-- Opening Marker --

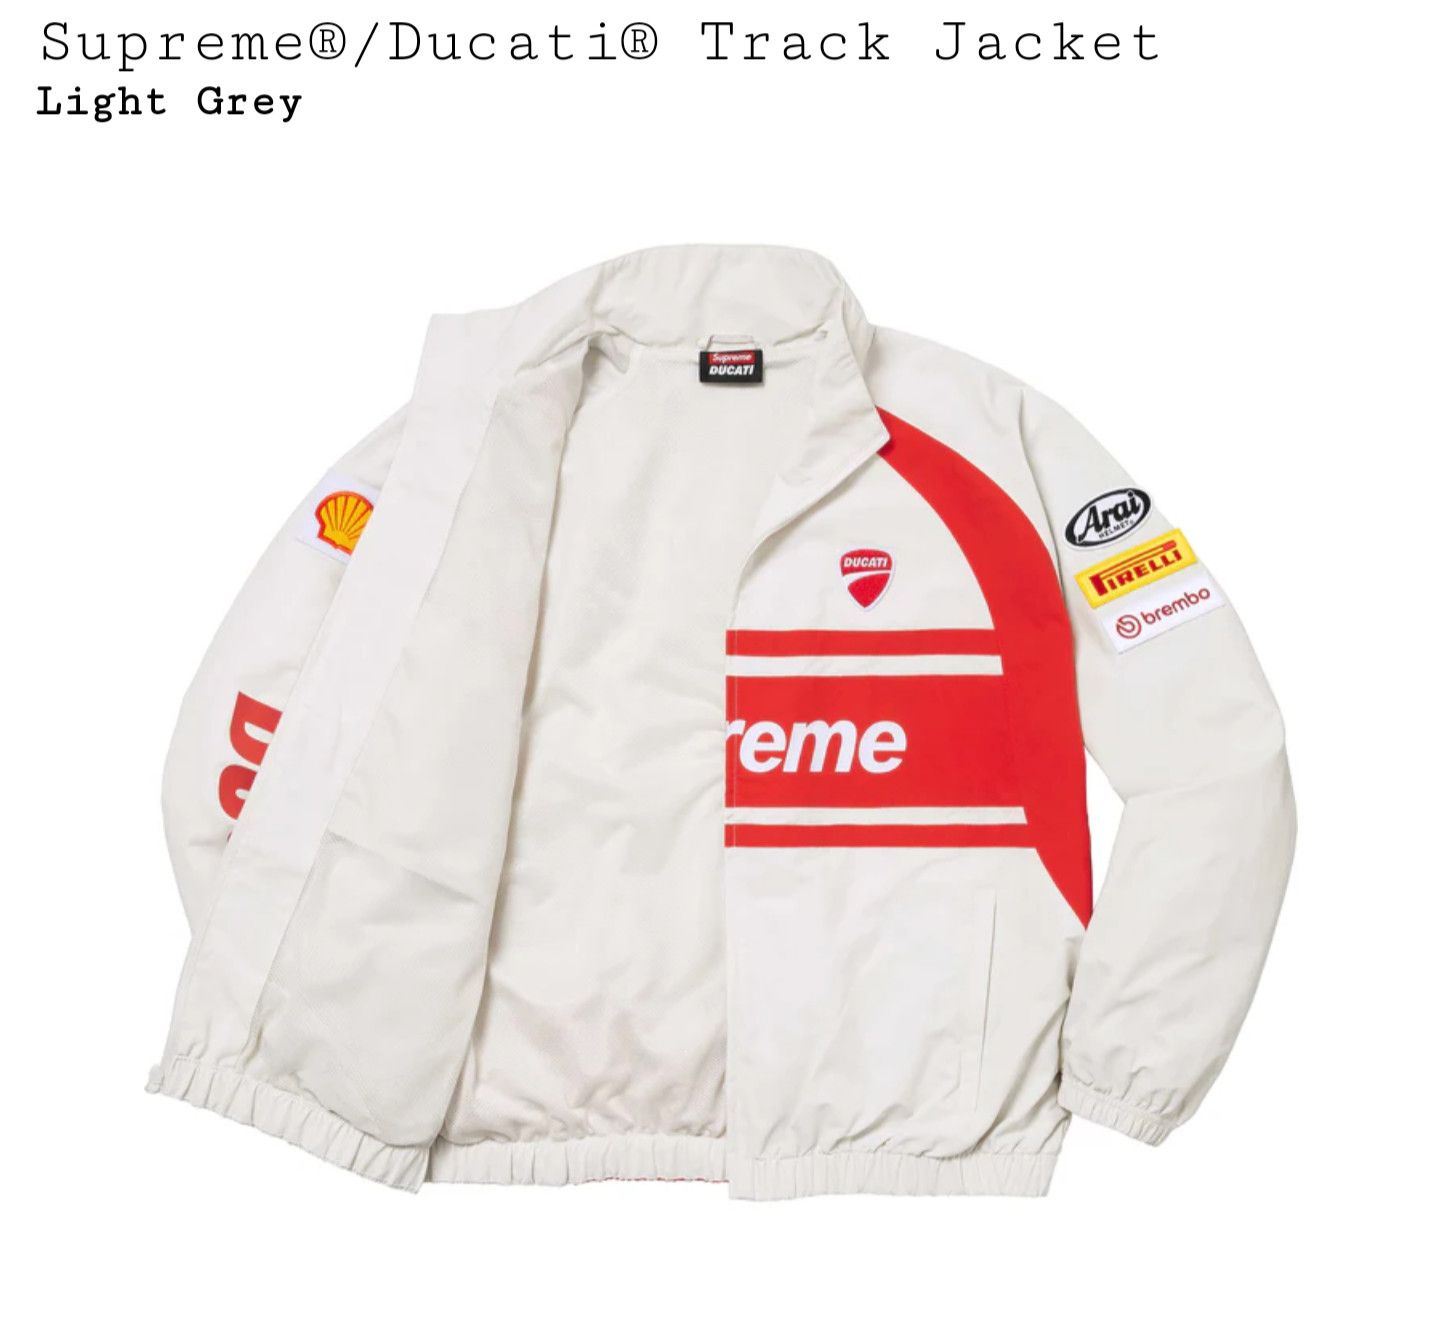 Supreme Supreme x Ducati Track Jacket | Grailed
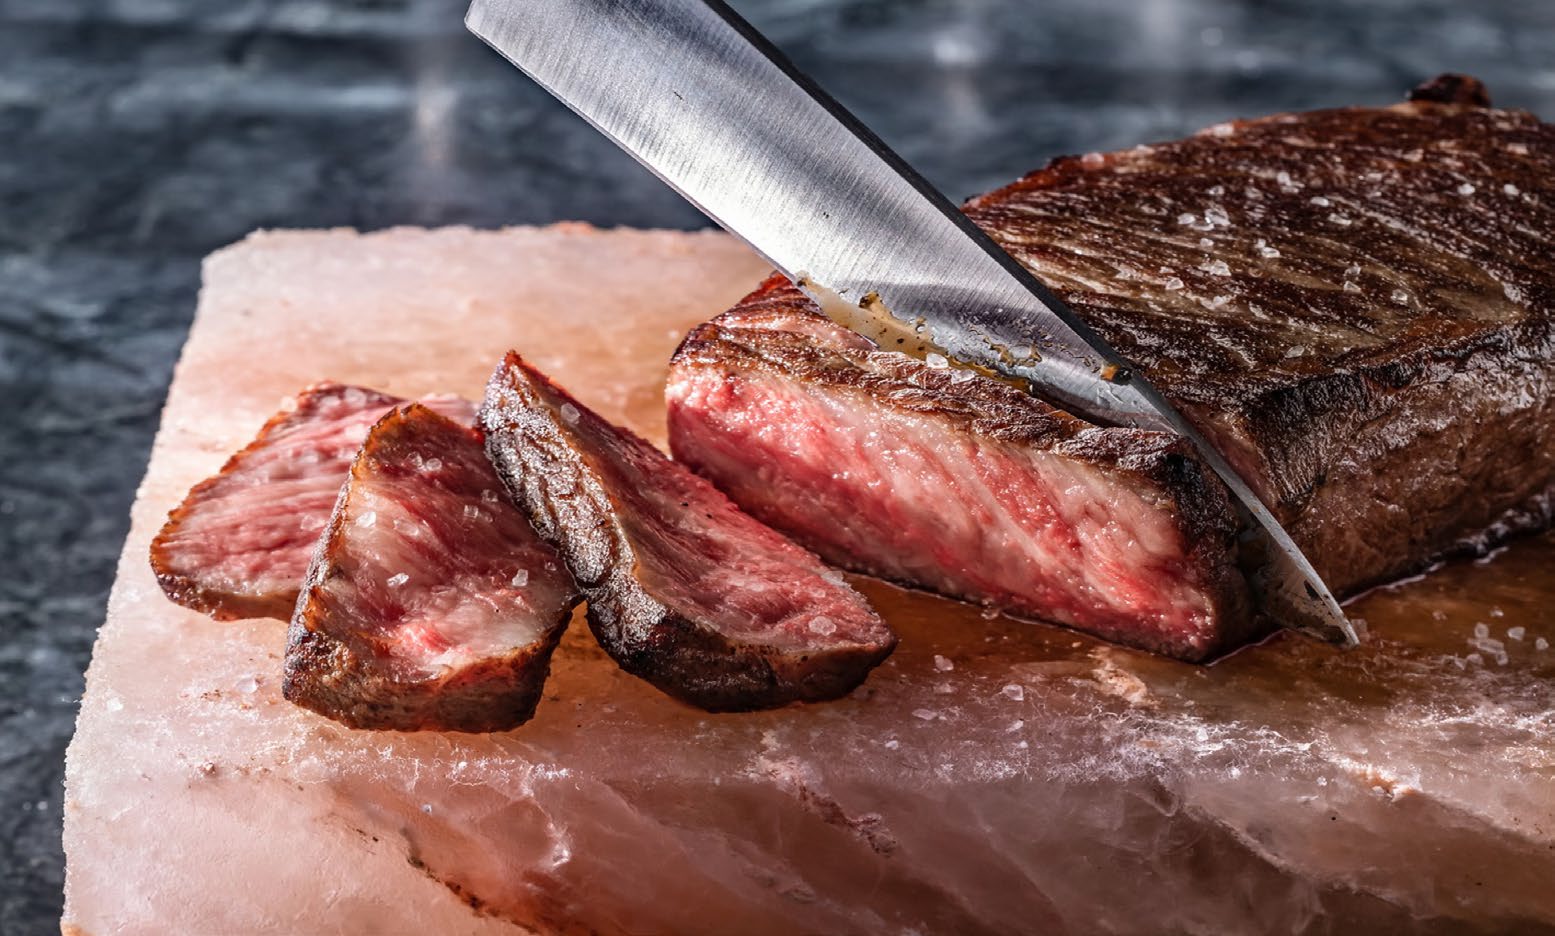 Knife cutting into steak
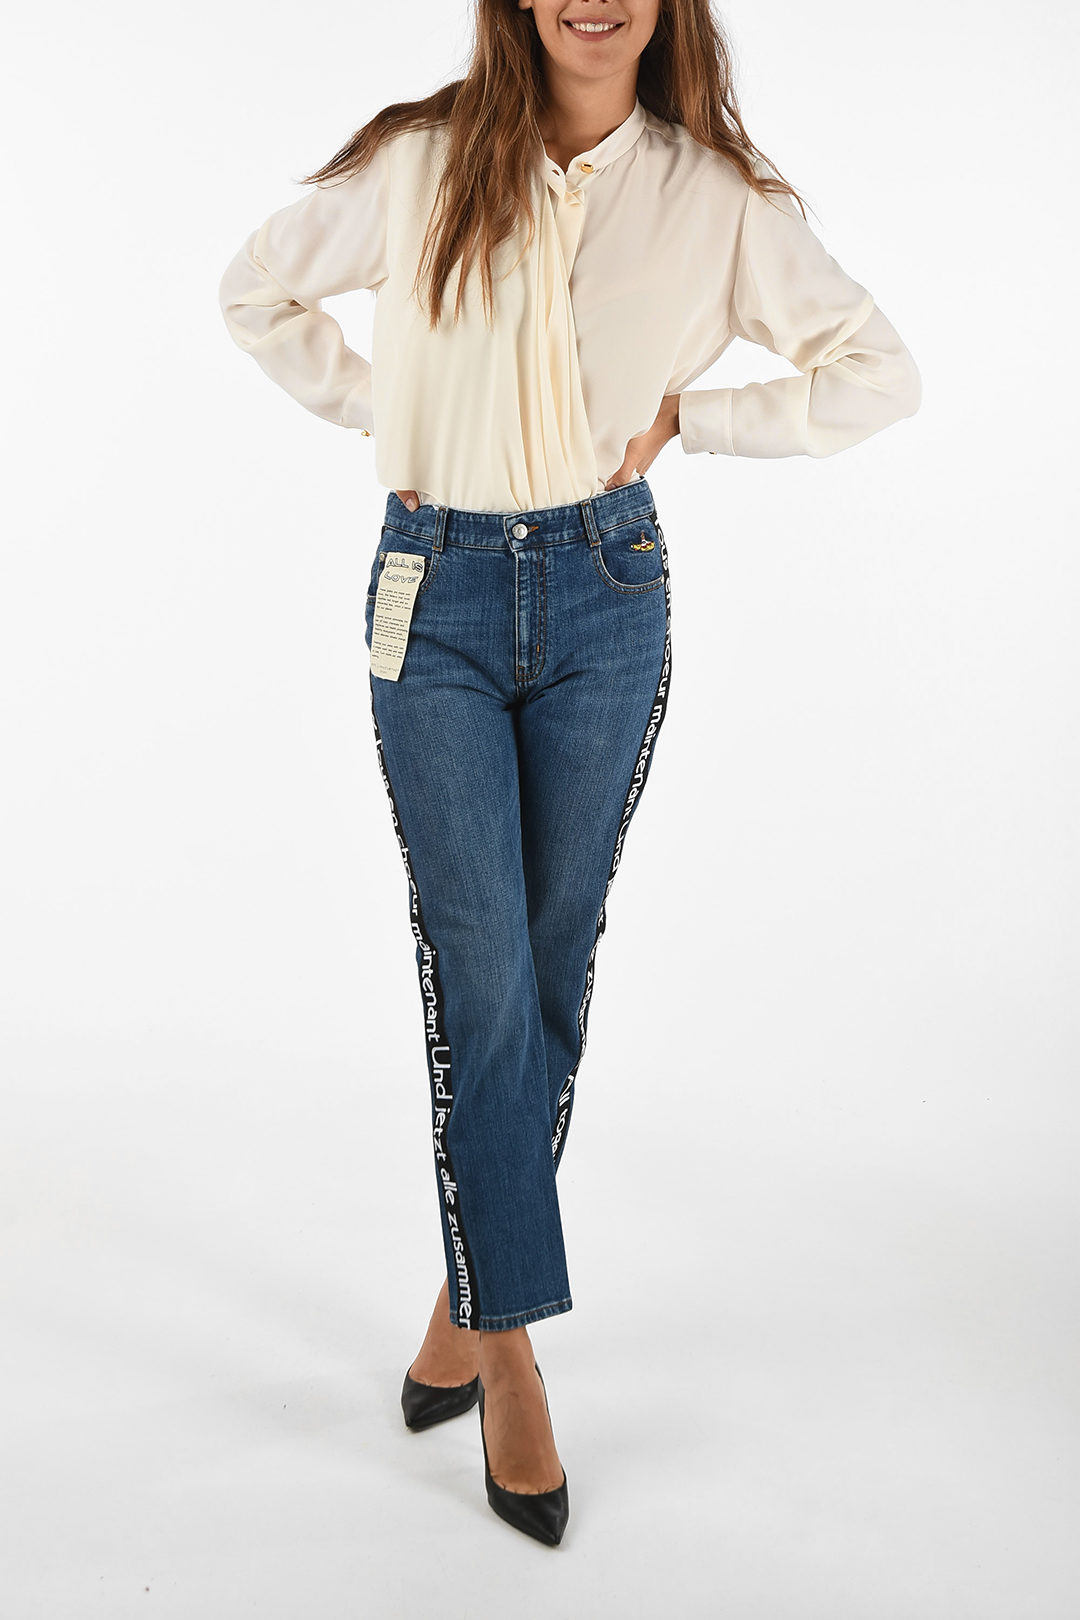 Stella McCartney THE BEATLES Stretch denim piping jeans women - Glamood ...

-- Closing Marker --

■ **DIRECTIONS FOR THIS TASK**
Where the line containing "Knife cutting into steak" appears, begin writing out the lines word for word, and continue through the last line of the data, leaving out pictures.

■ **ANSWER FOR THIS EXERCISE**
 Knife cutting into steak
 Stella McCartney THE BEATLES Stretch denim piping jeans women - Glamood ...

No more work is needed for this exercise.